[egenix-users] Is this possible ?
Pekka Niiranen
krissepu at vip.fi
Sat Aug 3 23:50:31 CEST 2002
Ok,
I did as you told:
-- code starts --
from mx.TextTools import *
text = "Xaa(AA)a((BB))aa((CC)DD)aa(EE(FF))aa(GG(HH(II)JJ)KK)aaY"
tables = []
tab = ('start',
(None, AllNotIn,'()', +1),
(None, Is+LookAhead, '(', MatchOk, 'nesting'),
'nesting',
('group',SubTable+AppendMatch,((None, Is, '(', +1),
(None, SubTableInList, (tables,0)),
(None, Is, ')', MatchFail, MatchOk))),
(None,Jump,To,'start'))
tables.append(tab) # Add tab to tables
if __name__ == '__main__':
result, taglist, nextindex = tag(text,tab)
print taglist
-- code ends --
There remains one quirk (see code above):
The code stops searching whenever there is an extra ) -sign in the middle of text.
How can I make the engine to return nothing (i.e. empty match)
if there are extra ) -sign AND it is not recursing currently ?
Should we have a parameter: "Fail if not currently recursing" ?
Try adding ) -sign after X -letter and then after Y -letter in text above.

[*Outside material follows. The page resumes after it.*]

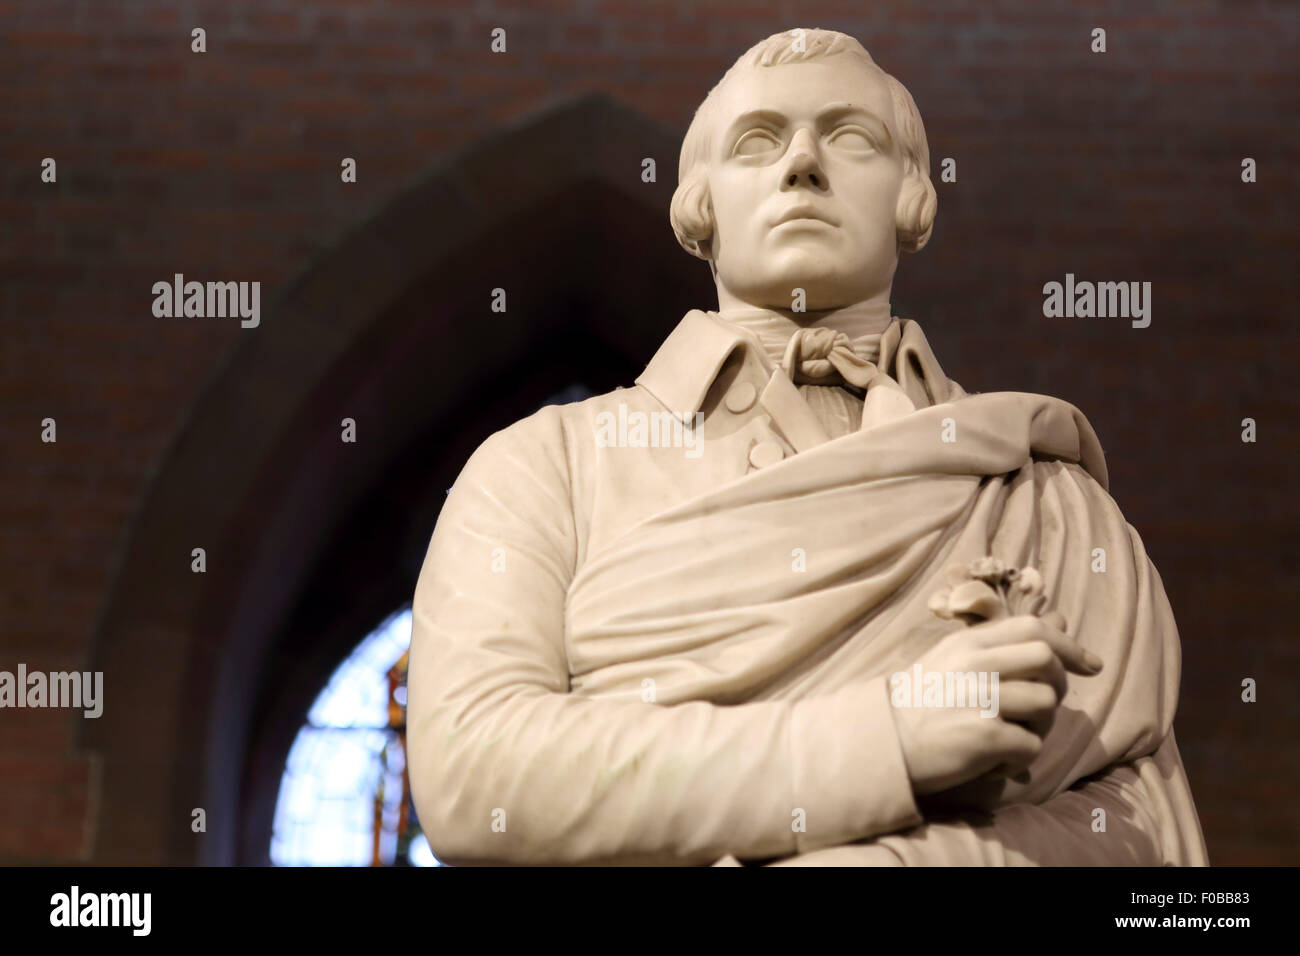 Estatua de Robert Burns en Edimburgo, Escocia. Burns (1759 - 1796) es considerado como el poeta nacional de Escocia. Foto de stock
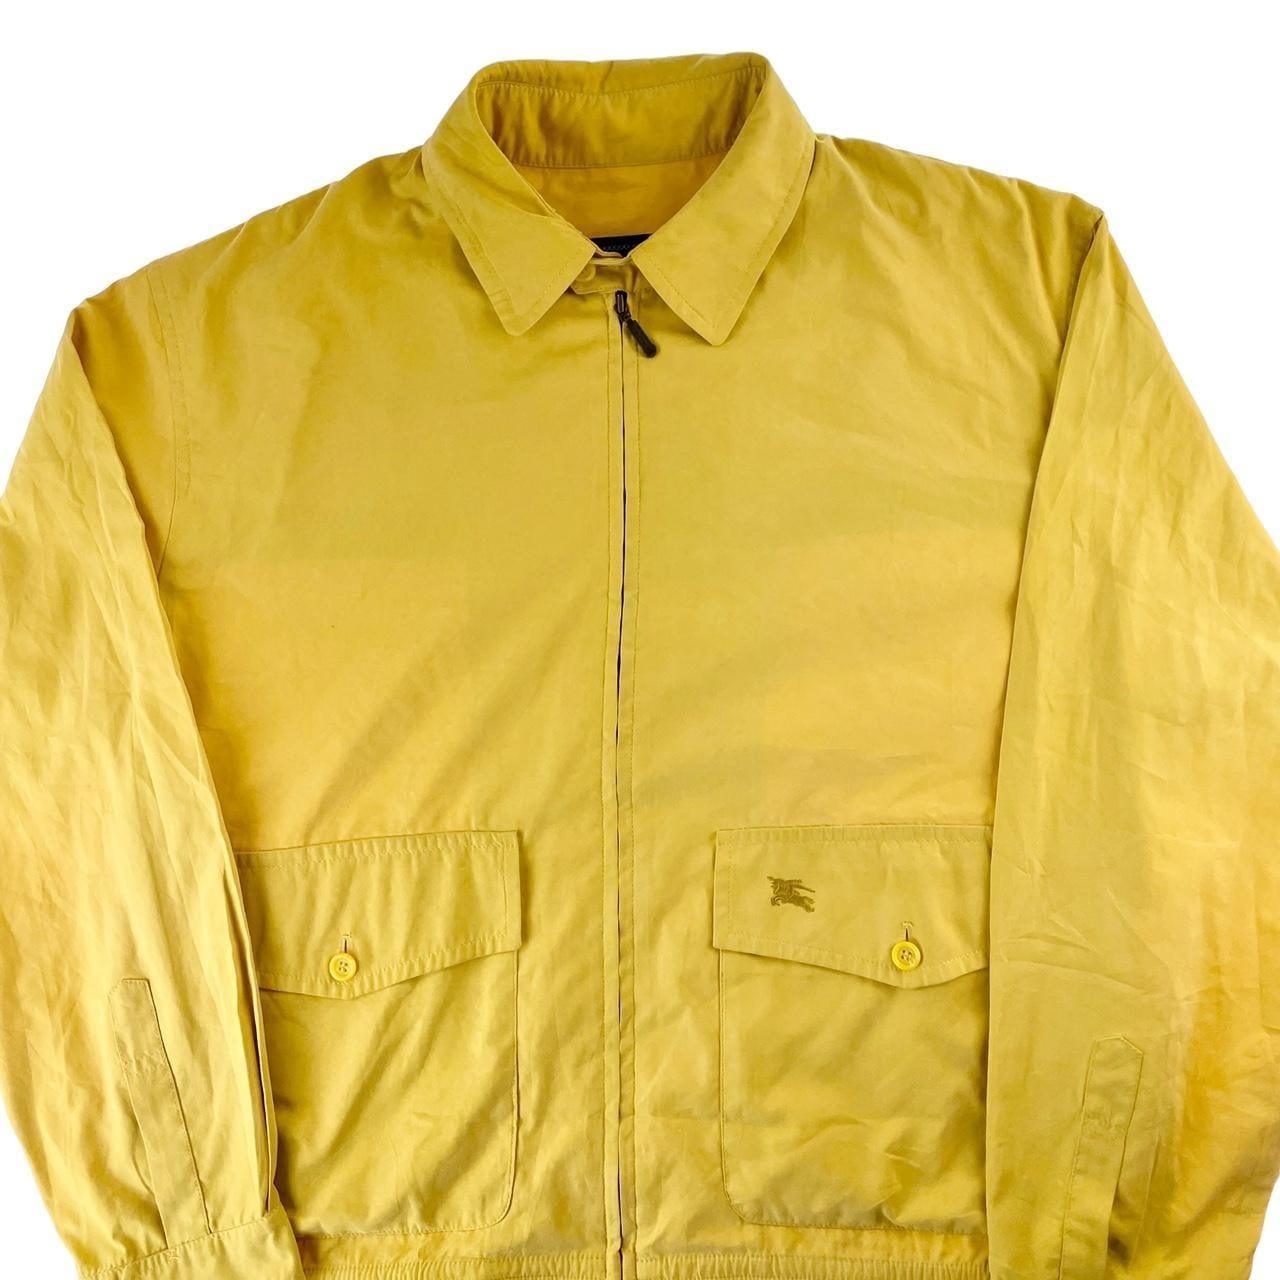 Vintage Burberry jacket size M - Known Source

In both cases
the result should be an empty match.
This is a matter of taste, I agree, but then one could always say:
"It did not find anything, because of the number of (- and )- signs
did not add up". => one python error message that
I could print when MatchFail happens => less analysing to do => more speed.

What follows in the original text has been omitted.